Dallaire had a command which was destined to fail from the concept phase. The burden of command makes him responsible for his mission, is't success or failure, but his situation was hopeless. Shame on the UN.


----------



## Blindspot (6 Dec 2004)

Nick Nolte is actually not playing Romeo Dallaire, but a character amalgamation of a number of different people. This is according to the director who spoke during the Toronto Film Festival press conference for the movie.


----------



## -rb (6 Dec 2004)

This is according to the director who spoke during the Toronto Film Festival press conference for the movie
Any knowledge as to whether this is based on a true story or more of the events of the genocide in general?

I certainly hope that this movie goves an accurate portrayal of what happened. I hope they place the blame of the failure of that mission where it belongs, on the UN......

Dallaire had a command which was destined to fail from the concept phase. The burden of command makes him responsible for his mission, is't success or failure, but his situation was hopeless. Shame on the UN.
I echo these comments as well.

cheers.


----------



## Sheerin (6 Dec 2004)

Its based on the story of Paul Rusesabagina who, as manager of one of the larger hotels Kigali.  During the genocide he helped save a lot Tutsi's by allowing them to take refuge in the hotel.

It looks like an amazing film, and is definitely on the top of my must see list.

http://www.mgm.com/ua/hotelrwanda/main.html


----------



## Acorn (6 Dec 2004)

Don Cheadle is a way under-rated actor, this might be his big Oscar opportunity from what I've heard. From the stills (for some reason the clips wouldn't work for me) Nolte plays a CDN Colonel, so definitely not a direct portrayal of LGen Dallaire.

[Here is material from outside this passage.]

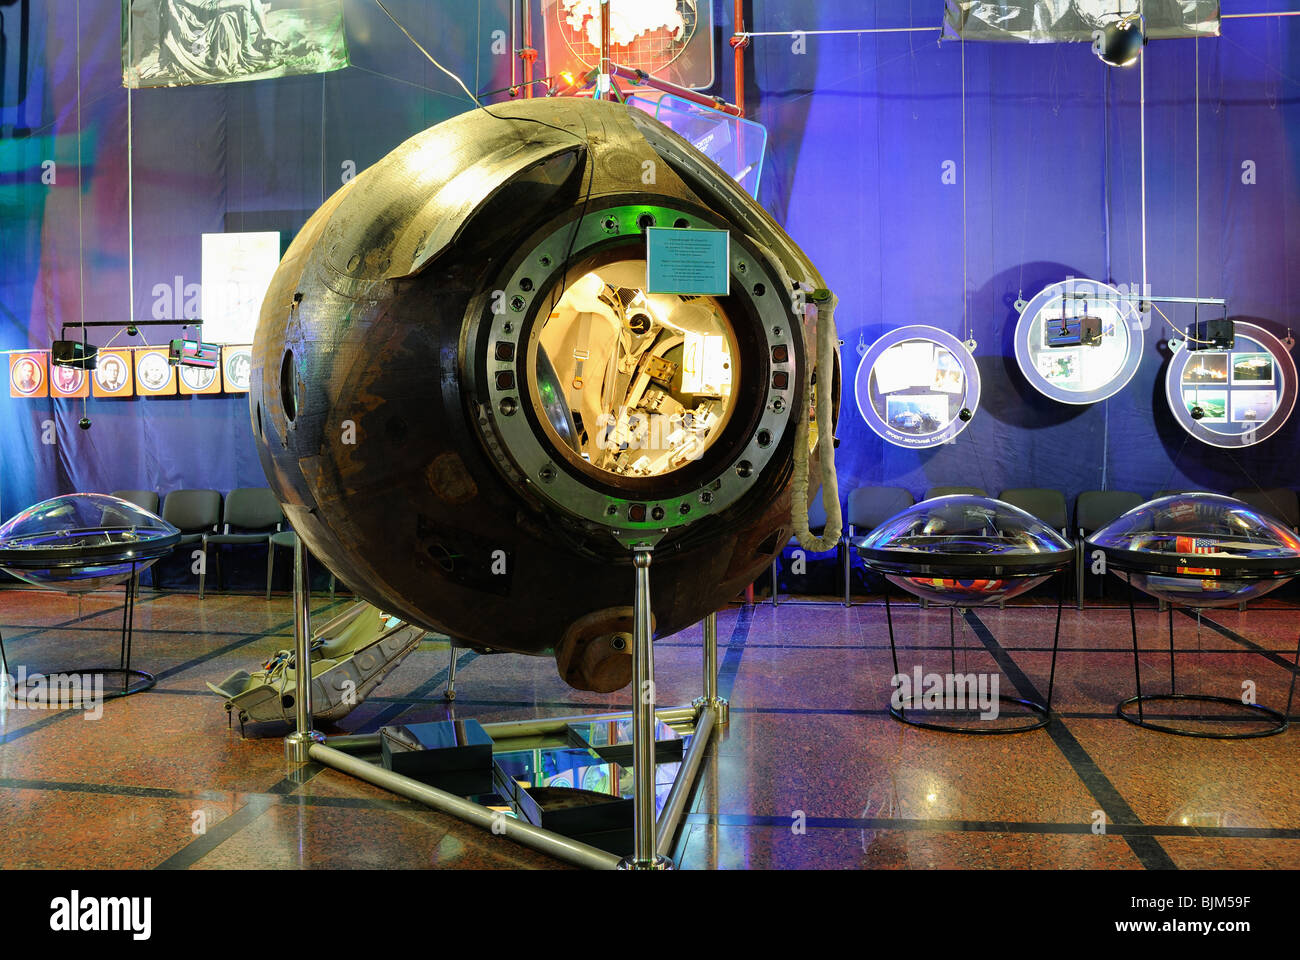 Die Landung Kapsel von Raumschiff "Sojus-27". Sergiy Koroljow Raumfahrt Museum in Schytomyr. Stockfoto

Has LGen Dallaire commented on the film?

Acorn


----------



## lfejoel25 (8 Dec 2004)

They better not screw this one up....
...but yet somehow i'm sure they will.


----------



## ImanIdiot (8 Dec 2004)

Well the trailer looks impressive from a cinematic perpective...who knows how close to the truth it will stay. "Based on a true story" leaves room for a lot of creative interpretation.


----------



## Britney Spears (12 Dec 2004)

I skimmed through the DVD today, doesn't seem to be too many BHD style action scenes, although theres a fairly emotional scene where the Belgians/French show up to evacuate the foreign nationals while pushing the local employees  off the bus. And i believe there's the ubiquos journalist-with-heart-of-gold subplot too. Maybe I'll have time to watch it in the next few weeks.


----------